Understandably, Evans’s allegations confirmed the suspicions of all those on the political left who believed Murdoch was a malign influence on news reporting. They had seen it with the Sun and its crude caricature of the left. Now they had evidence that it was consuming The Times. Staged at the National Theatre, David Hare’s 1985 play Pravda – A Fleet Street Comedy was widely interpreted as an attack on Murdoch’s style of proprietorship. Co-written with Howard Brenton whose The Romans in Britain had caused outrage because of its overt depictions of Romans sodomizing Ancient Britons (apparently a metaphor for the British presence in Ulster), Pravda depicted the sorry tale of Lambert La Roux, a South African tabloid owner, buying a British Establishment broadsheet only to sack its editor just after he had received an Editor of the Year award. Anna Murdoch went to see the play. After this, her husband’s only comment on it was to suggest, with a wink, that Robert Maxwell might find it actionable.
But more seriously, if Evans felt he had been improperly treated by Murdoch he could have appealed to the independent national directors to adjudicate on the matter. Given the lengths to which he had gone to write these safeguards into the contract by which Murdoch bought the paper it was surprising that he did not avail himself of the opportunity to challenge the proprietor in this way. Perhaps he thought the independent directors would not support his case. Even Lord Robens, who had spoken supportively to him in an alcove of the Reform Club, was not so stalwart behind his back. According to Richard Searby, Robens promptly told Murdoch that he was the proprietor and if he thought Evans should be sacked, he should be sacked.208 Whatever his reasoning, Evans preferred to make his case in a book instead.

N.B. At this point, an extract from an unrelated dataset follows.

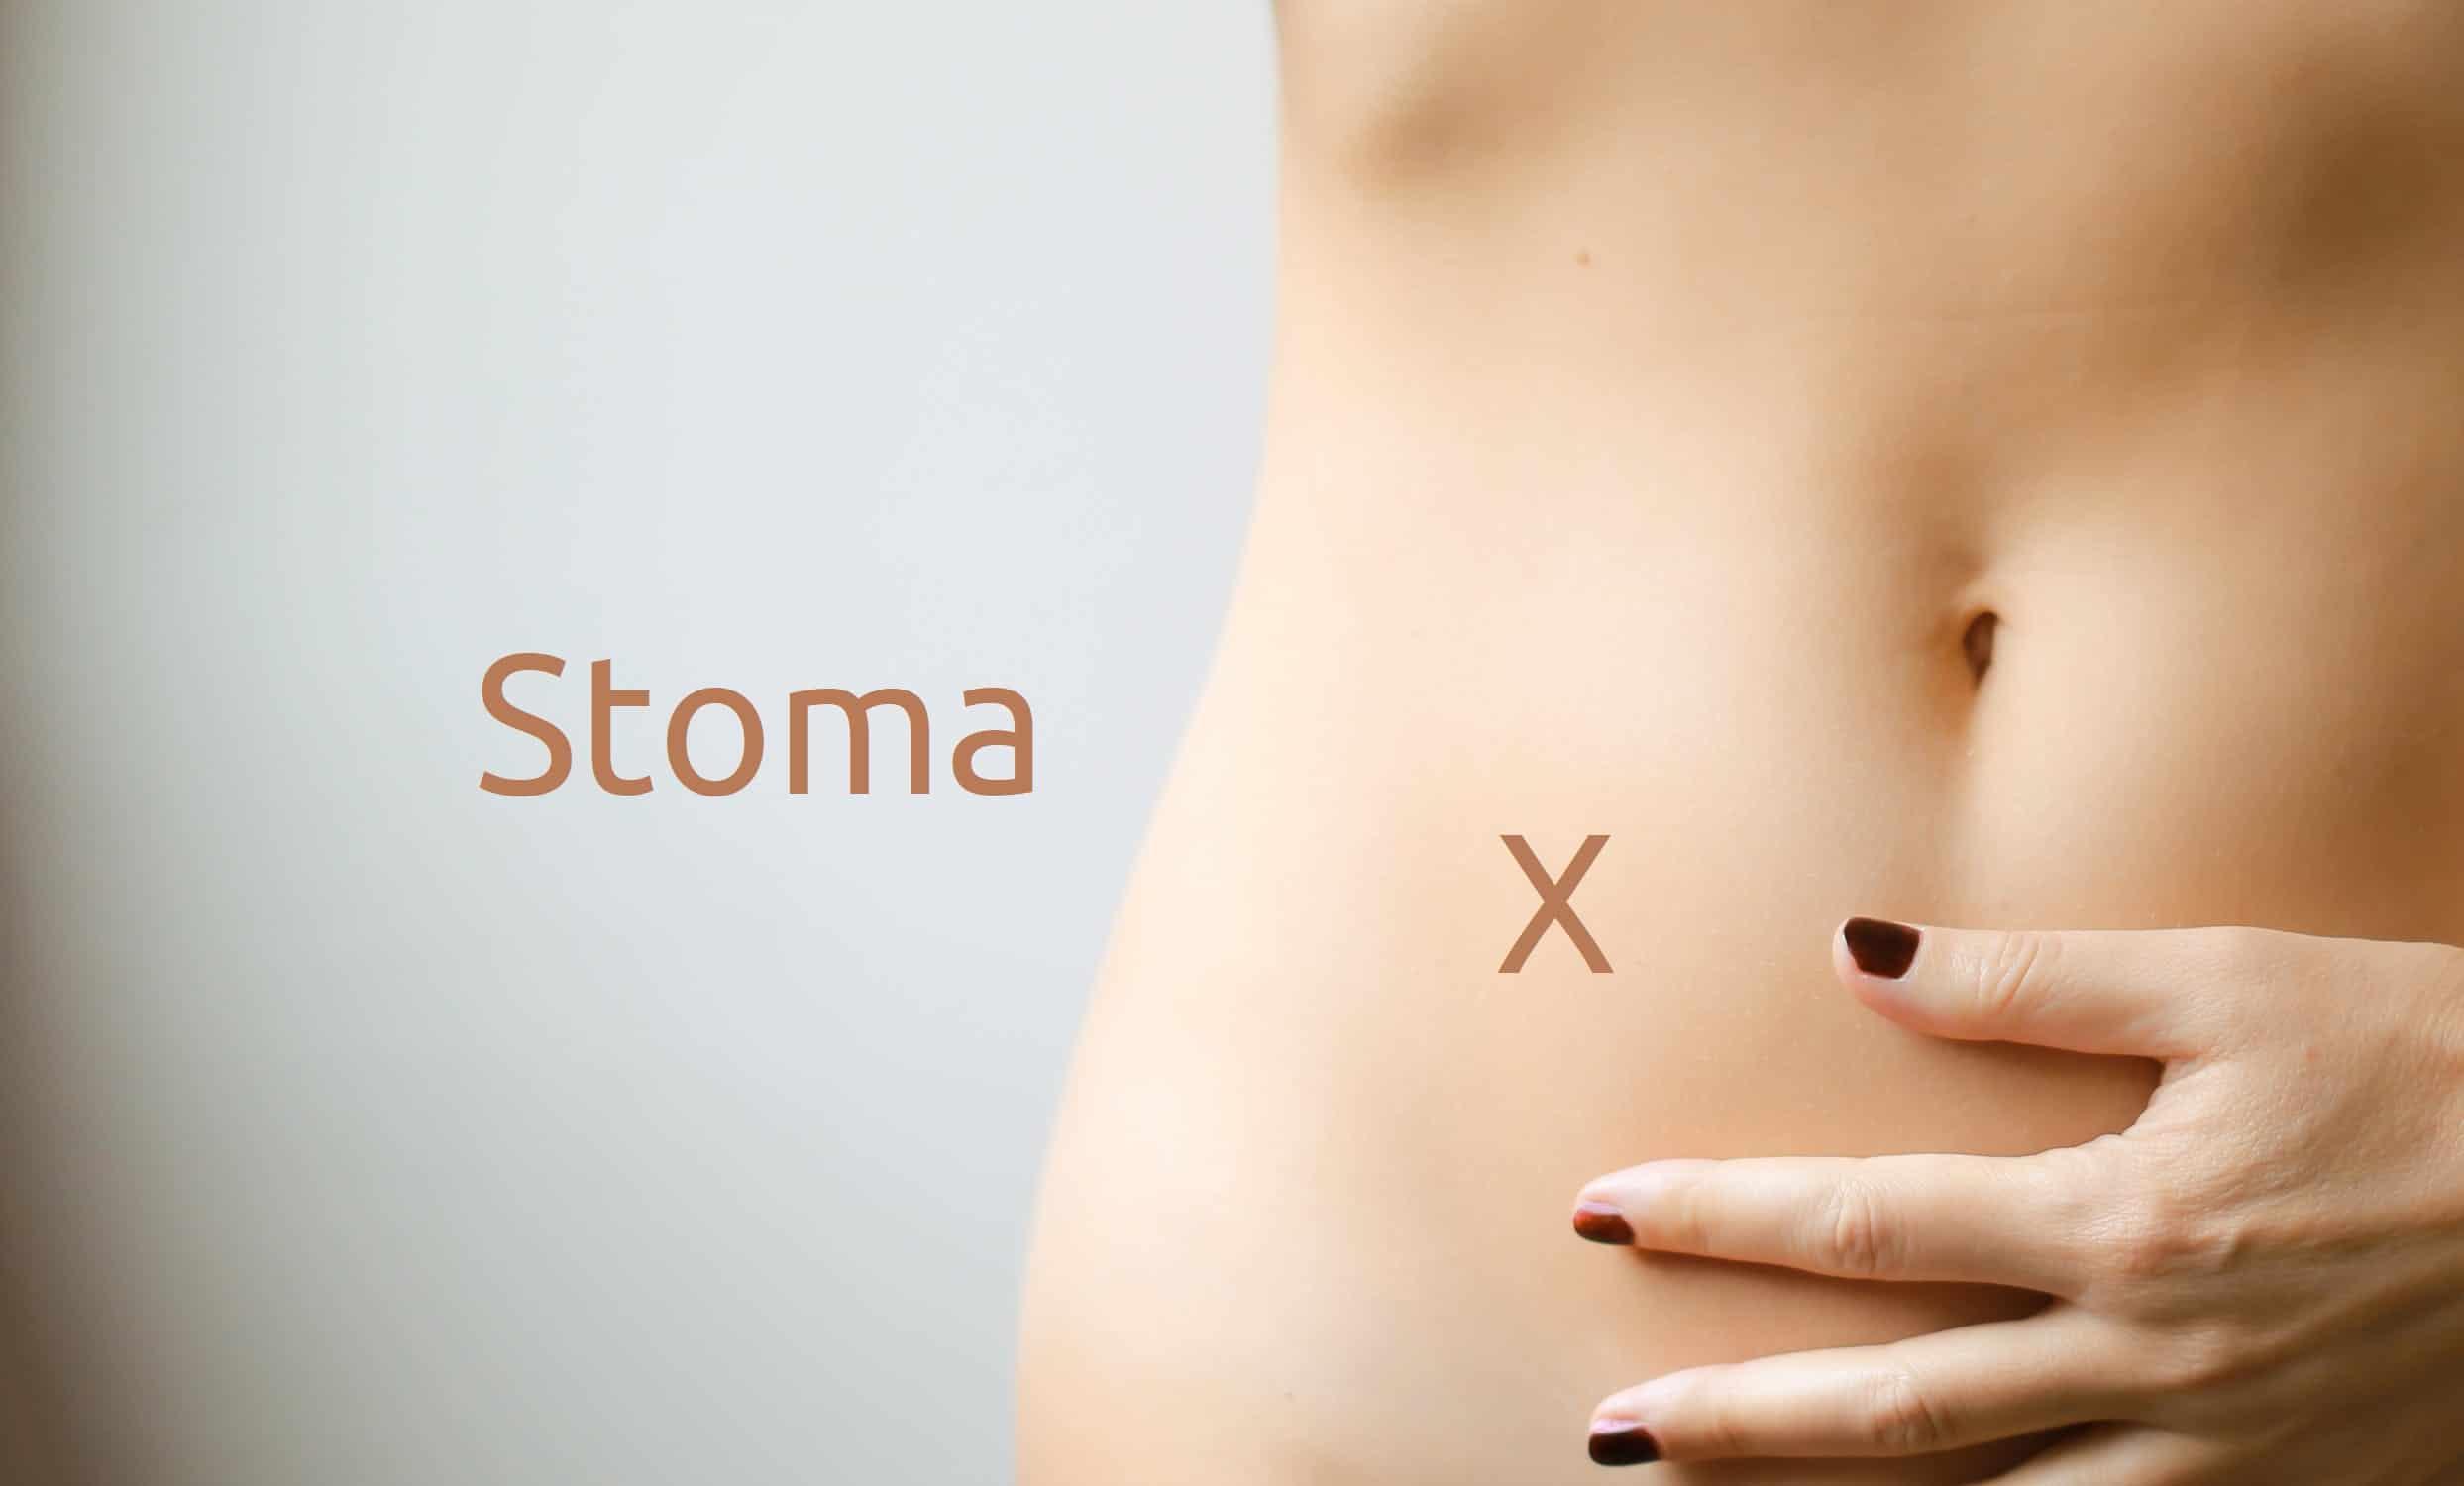 Was ist ein Stoma - Kolostomie oder Ileostomie

The audience was certainly wider.
Deeply involved in the union negotiations and in attempting to overcome the production difficulties during Evans’s year in the chair, Bill O’Neill felt that the problem was not one of politics but of personalities. Evans ‘considered himself a creator, an editorial genius’, O’Neill maintained ‘and not someone who would be burdened with incidentals, like the huge losses the title he edited was running. You could not engage Evans in debate. He would agree with everything you put to him.’209 In his fourteen years as editor of the Sunday Times, Evans had benefited from supportive allies in Denis Hamilton and a proprietor, Roy Thomson, who was happy to invest heavily into ensuring Evans’s creative talents bore fruit. With his move to The Times, he had difficulty adapting to the culture shock of working for a new proprietor who, after initially encouraging further expansion, suddenly demanded urgent economies in order to keep the title afloat. Hamilton’s disillusion and departure also robbed him of a calming and understanding influence. Evans complained that ‘every single commercial decision of any importance was taken along the corridor in Murdoch’s office, while we went through our charades’ on the TNL board.210 But what did he expect? Who was writing the cheques? It was as if Evans had confused editing the newspaper with owning it. As Evans proved at the Sunday Times and in his subsequent career in New York (to where he and Tina Brown decamped), he was at his best when he had a generous benefactor prepared to underwrite his initiatives. Especially in the dark economic climate of 1981–2, Murdoch was not in the mood to be a benefactor.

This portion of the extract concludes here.